Michigan's Modified Comparative Fault System
Michigan follows a modified comparative fault system under MCL § 600.2959. This means if you are partially at fault for your accident, your compensation is reduced by your percentage of fault — but only if you are 50% or less at fault. If you are found 51% or more at fault, you recover nothing. This threshold makes fault allocation one of the most contested issues in Michigan personal injury cases.
How the 50% Threshold Works in Practice
Suppose you are in a car accident and a jury determines your total damages are $500,000. If the jury finds you were 20% at fault (perhaps you were slightly speeding), your recovery is reduced to $400,000. If you were 50% at fault, you still recover $250,000. But if the jury assigns you 51% fault, you get zero. This cliff effect at 51% makes the difference between substantial compensation and nothing at all — which is why having an experienced attorney to fight fault allocation is critical.
How Insurance Companies Exploit Comparative Fault
Insurance adjusters are trained to shift blame onto victims. They will point to anything — you were on your phone, you did not signal, you were walking outside the crosswalk, you were not wearing a seatbelt — to argue you share fault. Their goal is to push your fault percentage above 50% so they pay nothing, or as high as possible to reduce what they owe. Koussan Law aggressively challenges every fault argument with evidence, expert testimony, and accident reconstruction.
Common Scenarios Where Comparative Fault Applies
Multi-vehicle accidents often involve shared fault when multiple drivers contributed to the collision. Pedestrian and bicycle accidents frequently involve fault arguments about jaywalking or riding without lights. Slip and fall cases almost always include an argument that the victim should have been more careful or should have noticed the hazard.
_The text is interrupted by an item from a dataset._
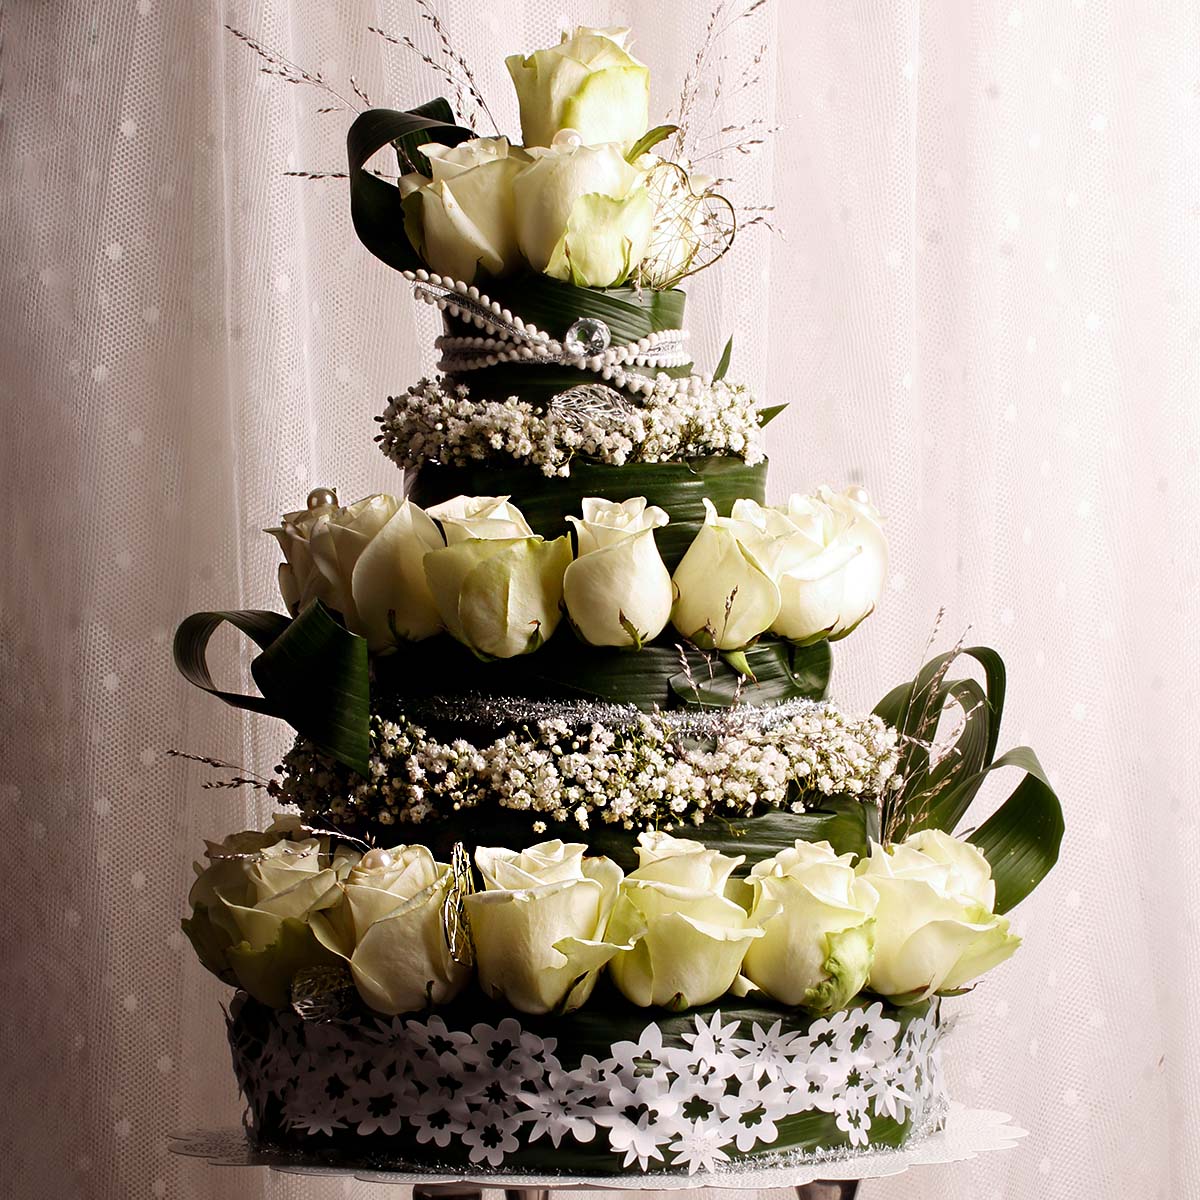 the-wedding-cake-featured

Workplace injuries with third-party claims may involve arguments about the worker's own safety compliance.
Seatbelt Defense in Michigan
Michigan is one of the states that allows a seatbelt defense. Under MCL § 257.710e, if you were not wearing a seatbelt, the defendant can argue your injuries were worse than they would have been. However, the reduction is capped at 5% of your total damages. This is a limited defense but insurance companies use it in every case where it applies.
Protecting Your Case from Comparative Fault Arguments
The best defense against comparative fault is early evidence preservation. Dashcam footage, surveillance video, witness statements, and police reports all help establish what actually happened. Koussan Law investigates fault immediately — before evidence disappears and before insurance companies build their narrative. Our $14.95 million jury verdict demonstrates what happens when we take fault disputes to trial and win.